A Comparative Analysis for 2D Object Recognition: A Case Study with Tactode Puzzle-Like Tiles.
Daniel Queirós da SilvaArmando Jorge SousaValter CostaPublished in: Journal of imaging (2021)
Object recognition represents the ability of a system to identify objects, humans or animals in images. Within this domain, this work presents a comparative analysis among different classification methods aiming at Tactode tile recognition. The covered methods include: (i) machine learning with HOG and SVM; (ii) deep learning with CNNs such as VGG16, VGG19, ResNet152, MobileNetV2, SSD and YOLOv4; (iii) matching of handcrafted features with SIFT, SURF, BRISK and ORB; and (iv) template matching.
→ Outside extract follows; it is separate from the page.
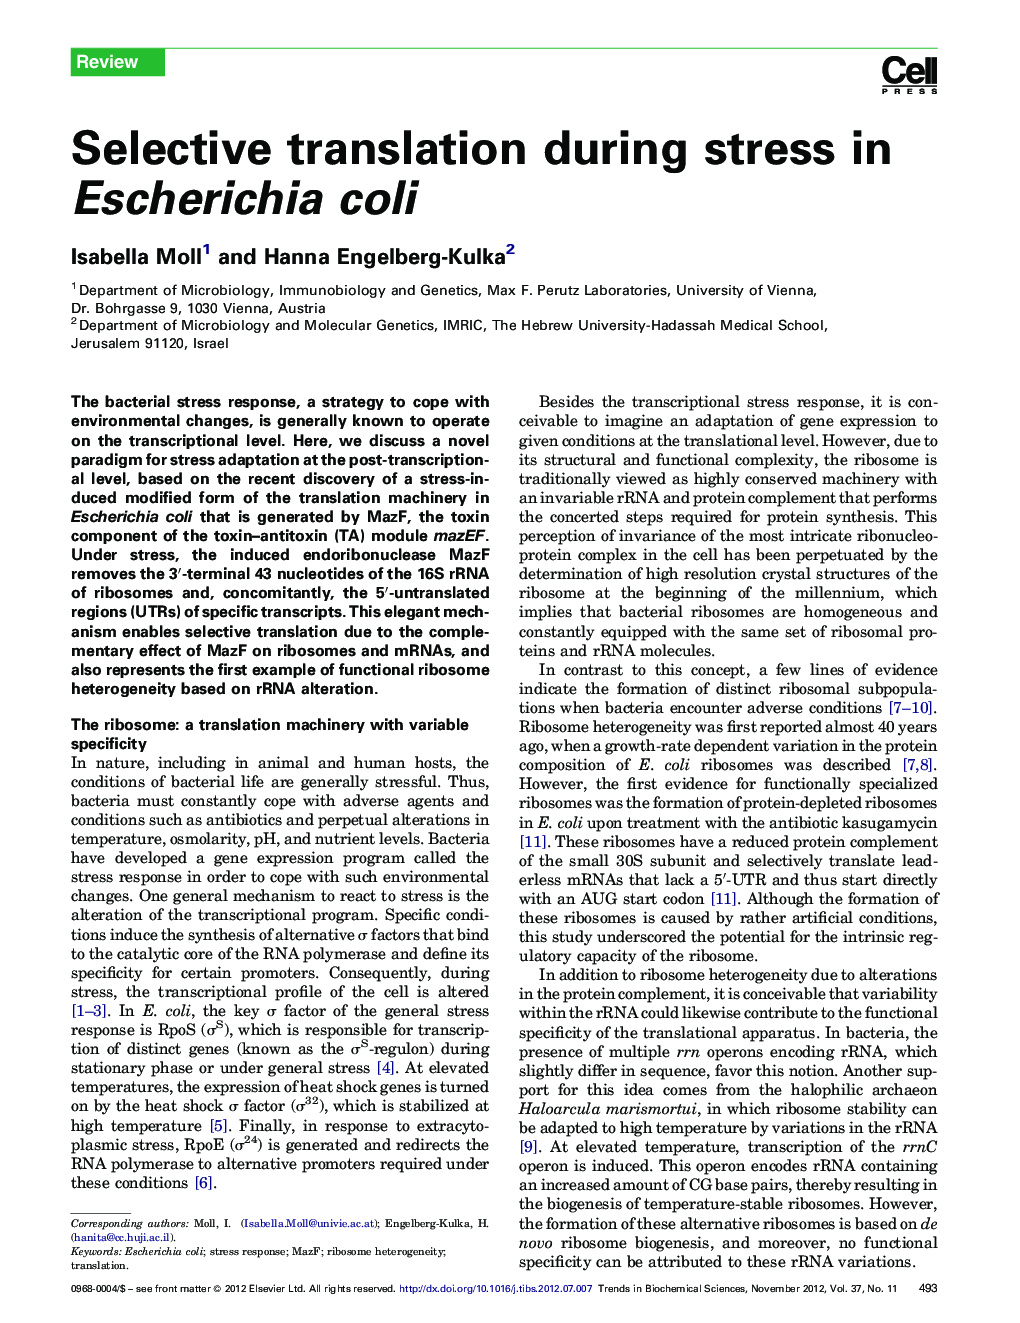 Selective translation during stress in Escherichia coli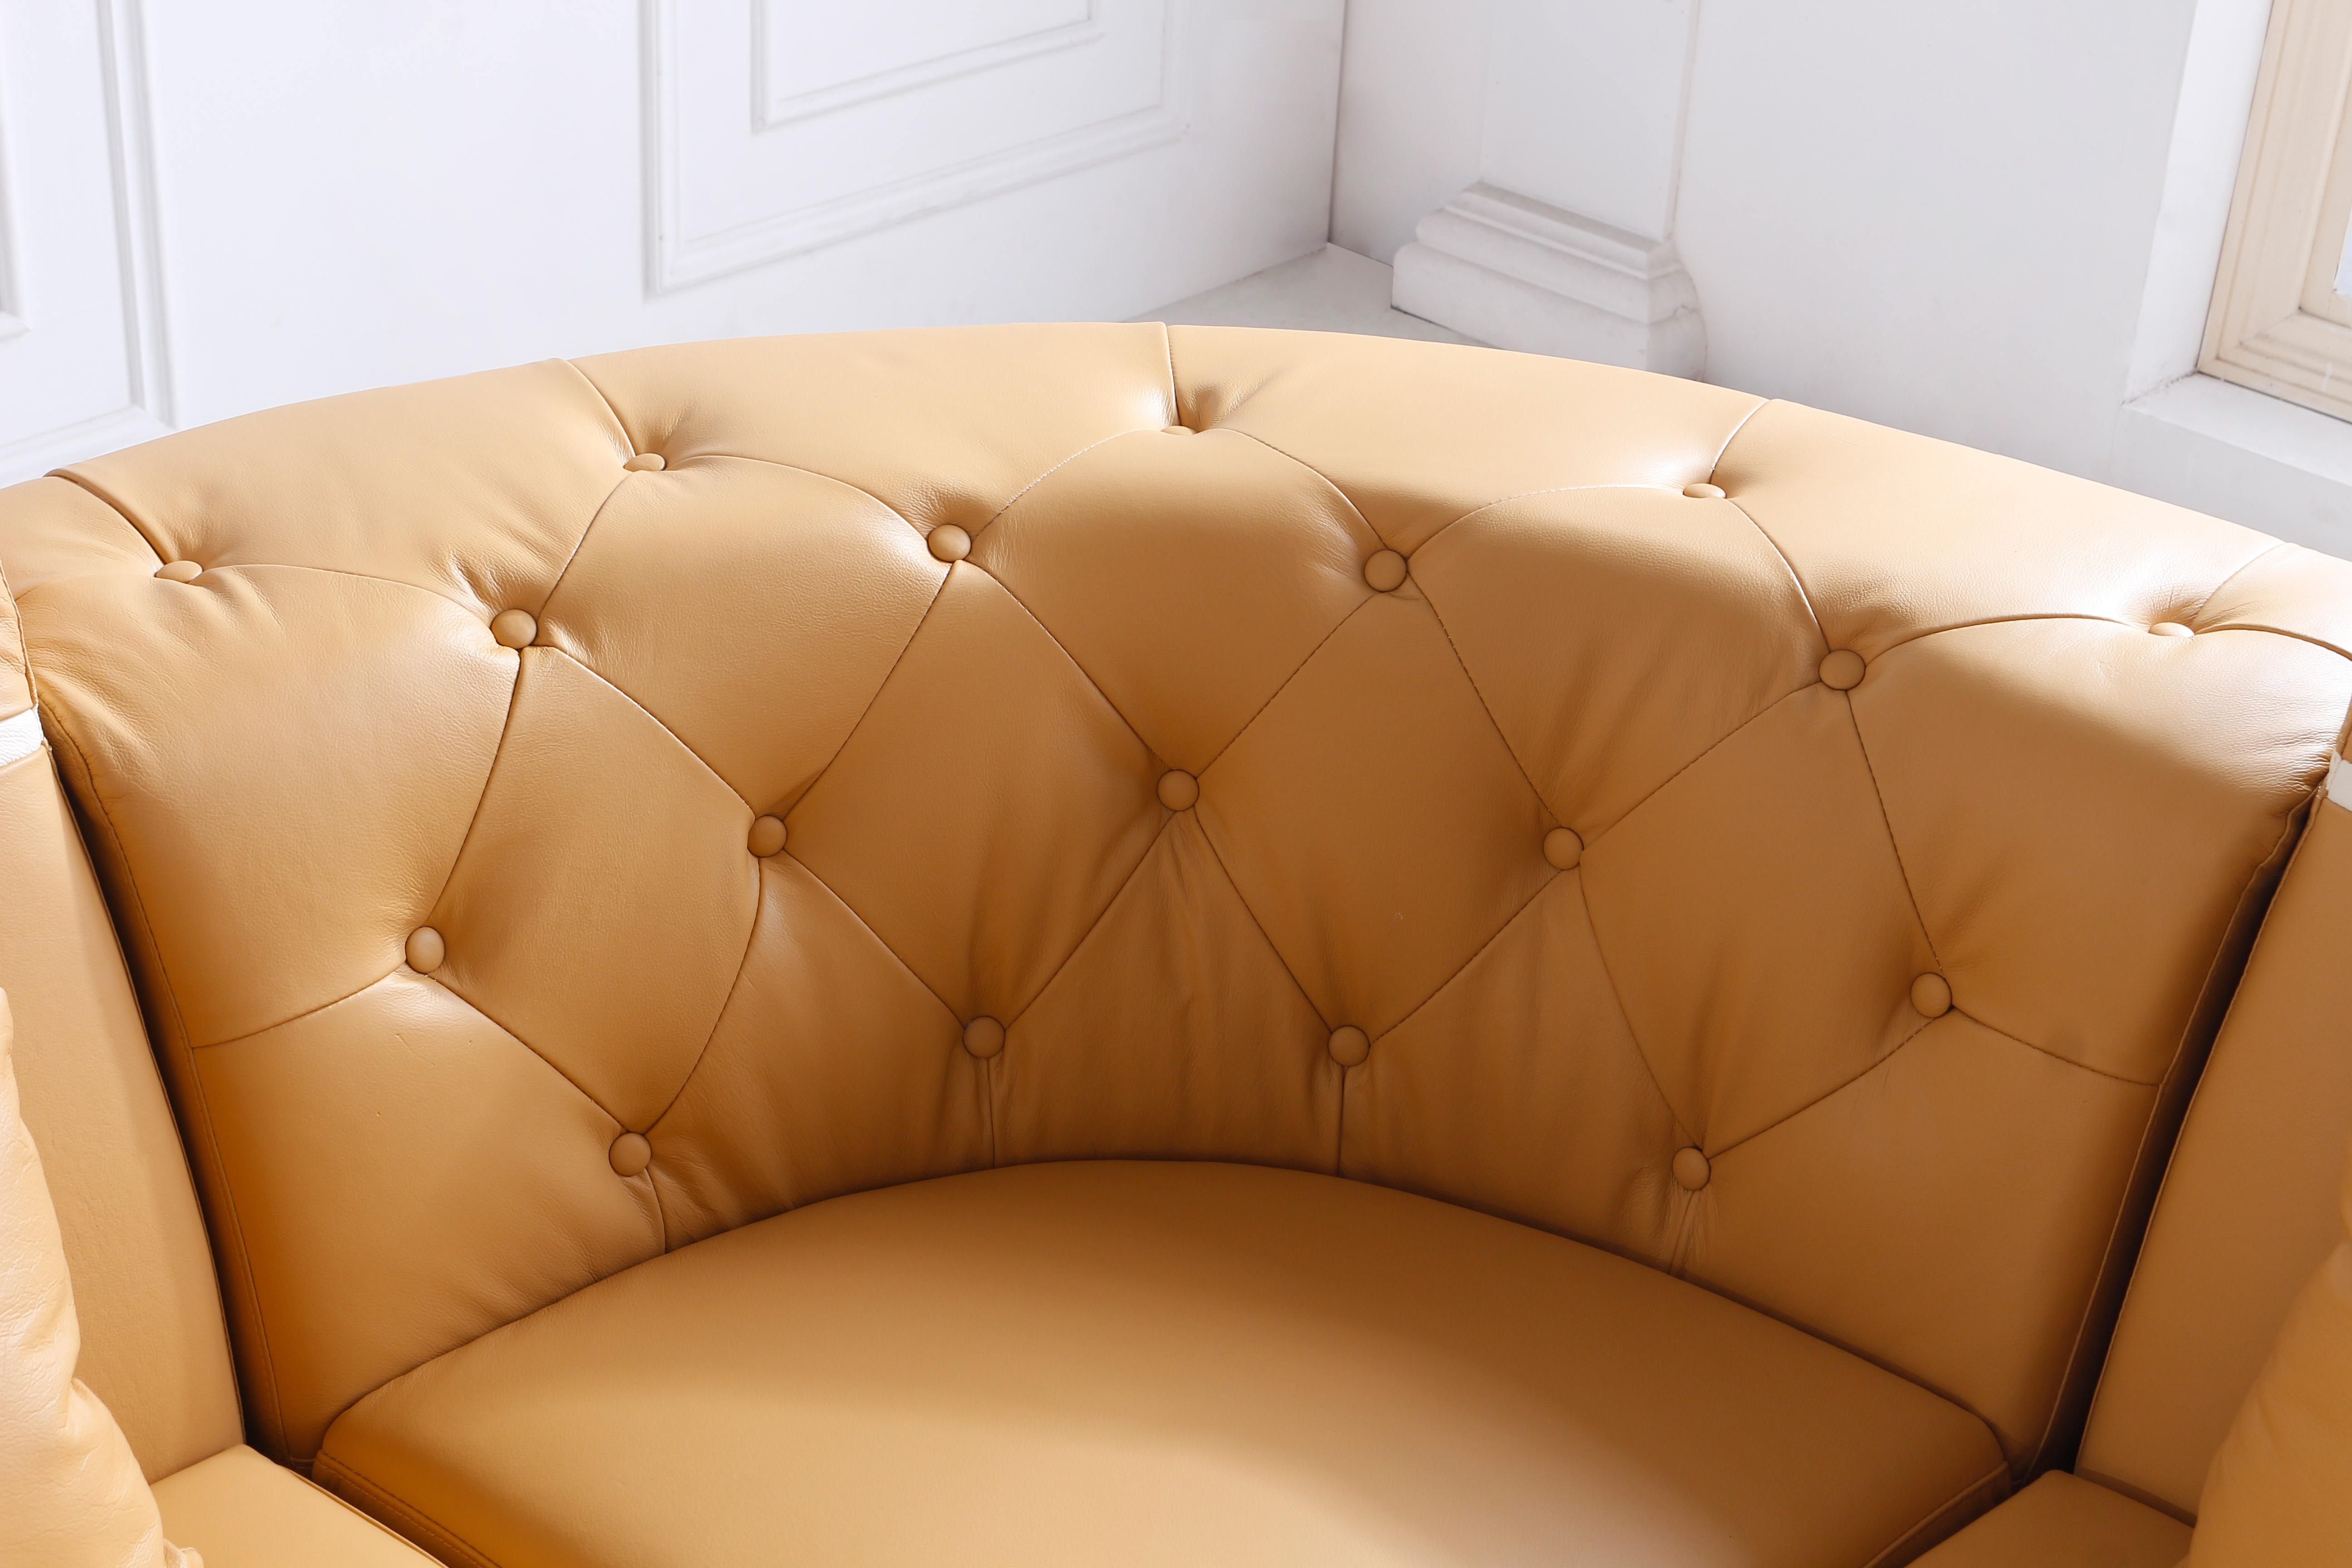 Grand canapé de salon confortable gris marron

A dataset was created to train learning-based methods (i and ii), and with respect to the other methods (iii and iv), a template dataset was used. To evaluate the performance of the recognition methods, two test datasets were built: tactode_small and tactode_big, which consisted of 288 and 12,000 images, holding 2784 and 96,000 regions of interest for classification, respectively. SSD and YOLOv4 were the worst methods for their domain, whereas ResNet152 and MobileNetV2 showed that they were strong recognition methods. SURF, ORB and BRISK demonstrated great recognition performance, while SIFT was the worst of this type of method. The methods based on template matching attained reasonable recognition results, falling behind most other methods. The top three methods of this study were: VGG16 with an accuracy of 99.96% and 99.95% for tactode_small and tactode_big, respectively; VGG19 with an accuracy of 99.96% and 99.68% for the same datasets; and HOG and SVM, which reached an accuracy of 99.93% for tactode_small and 99.86% for tactode_big, while at the same time presenting average execution times of 0.323 s and 0.232 s on the respective datasets, being the fastest method overall. This work demonstrated that VGG16 was the best choice for this case study, since it minimised the misclassifications for both test datasets.